START Raw data

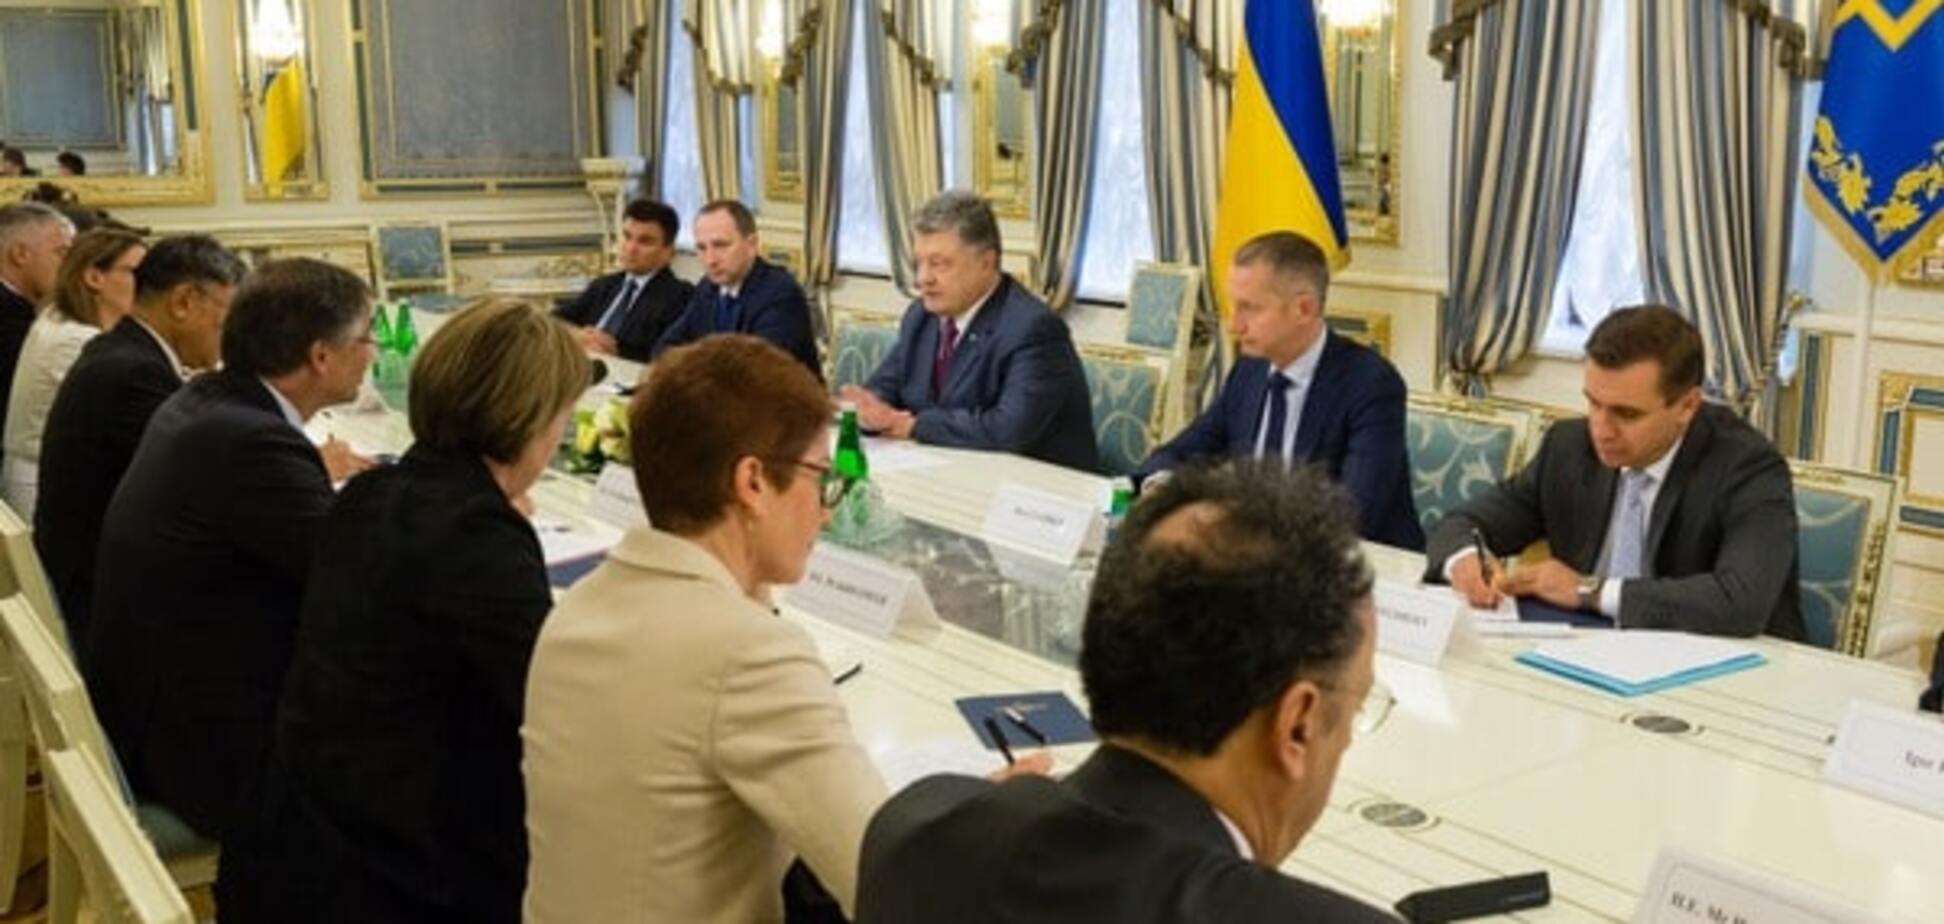 Обсудили конфликт с Россией: Порошенко встретился с послами стран 'Большой семерки' и ЕС
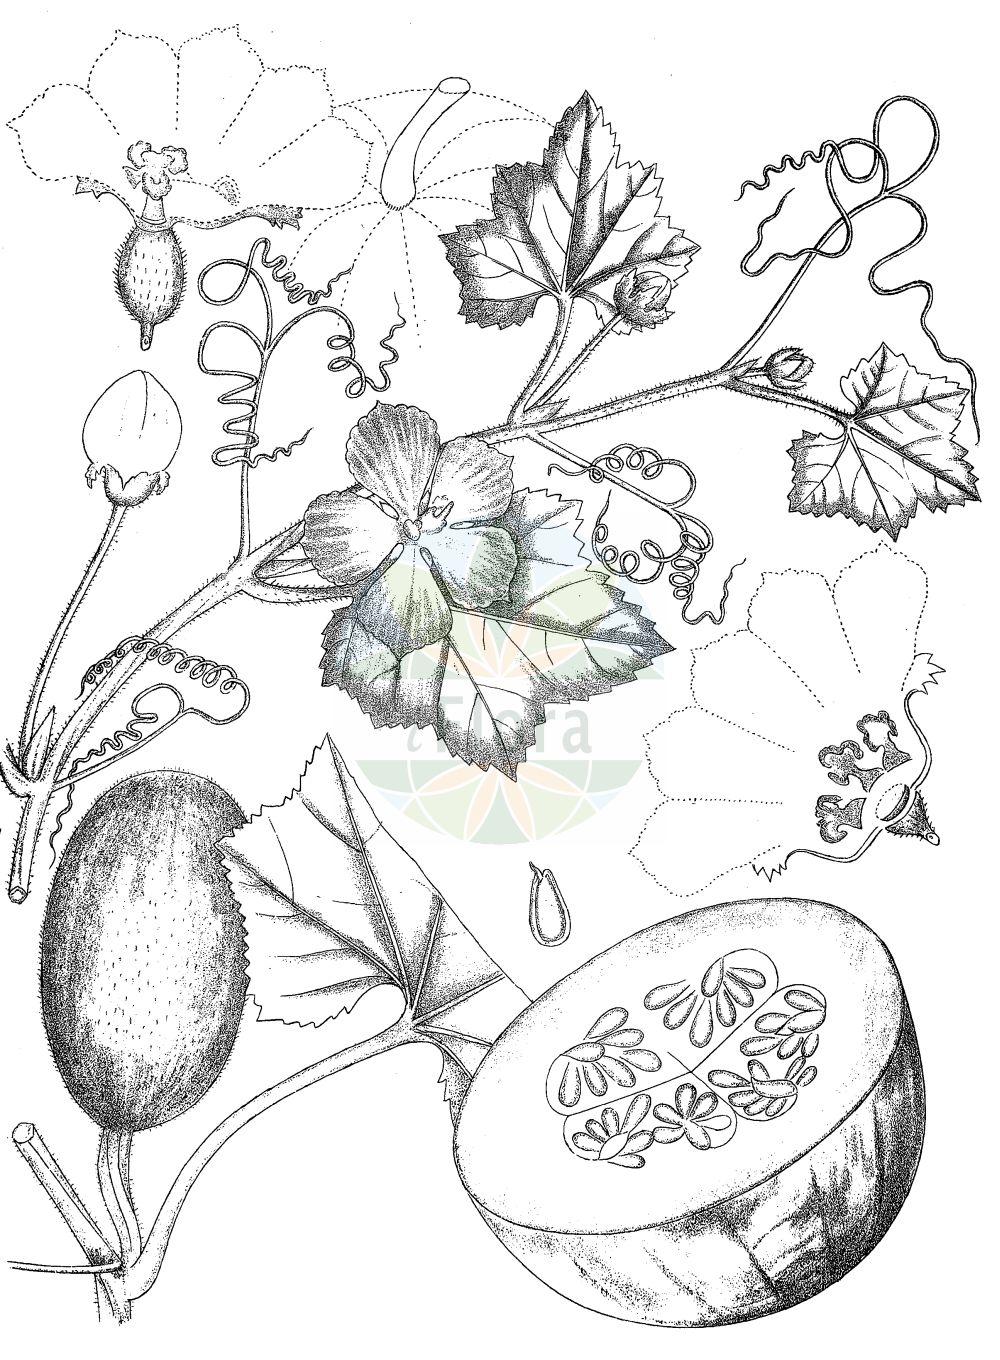 Historische Abbildung von Cucurbita pepo (Marrow). Das Bild zeigt Blatt, Bluete, Frucht und Same. ---- Historical Drawing of Cucurbita pepo (Marrow). The image is showing leaf, flower, fruit and seed.(Cucurbita pepo,Marrow,Cucurbita aurantia,Cucurbita clodiensis,Cucurbita melopepo,Cucurbita oblonga,Cucurbita ovifera,Cucurbita pepo,Cucurbita verrucosa,Cucurbita,Cucurbitaceae,Kürbisgewächse,Cucurbit family,Blatt,Bluete,Frucht,Same,leaf,flower,fruit,seed,Kirtikar & Basu (1918))
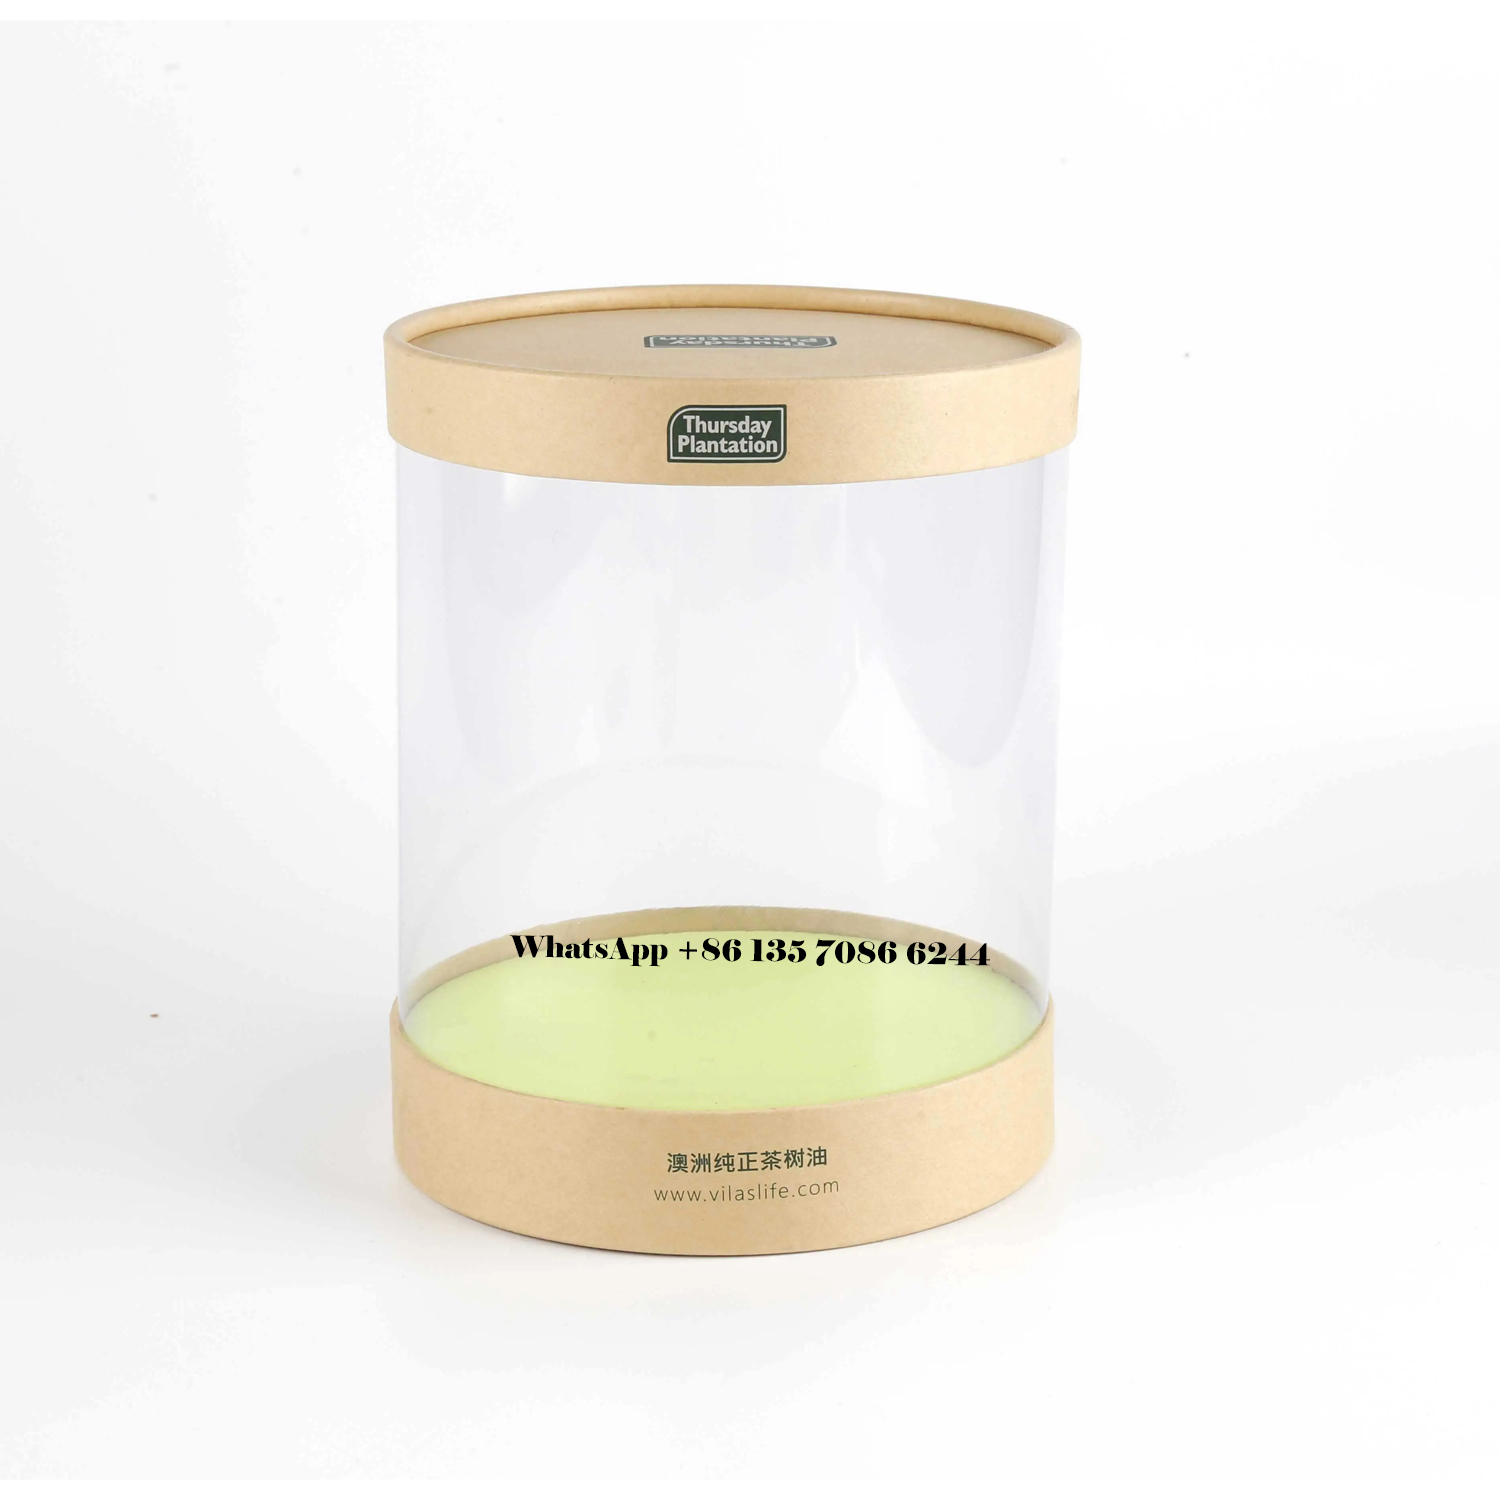  Упаковочные коробки из переработанной бумаги для роскошного семенного масла оптом

END Raw data

All of the data above must be printed exactly, minus its pictures.

> _Reply to the exercise_
 Обсудили конфликт с Россией: Порошенко встретился с послами стран 'Большой семерки' и ЕС
 Historische Abbildung von Cucurbita pepo (Marrow). Das Bild zeigt Blatt, Bluete, Frucht und Same. ---- Historical Drawing of Cucurbita pepo (Marrow). The image is showing leaf, flower, fruit and seed.(Cucurbita pepo,Marrow,Cucurbita aurantia,Cucurbita clodiensis,Cucurbita melopepo,Cucurbita oblonga,Cucurbita ovifera,Cucurbita pepo,Cucurbita verrucosa,Cucurbita,Cucurbitaceae,Kürbisgewächse,Cucurbit family,Blatt,Bluete,Frucht,Same,leaf,flower,fruit,seed,Kirtikar & Basu (1918))
  Упаковочные коробки из переработанной бумаги для роскошного семенного масла оптом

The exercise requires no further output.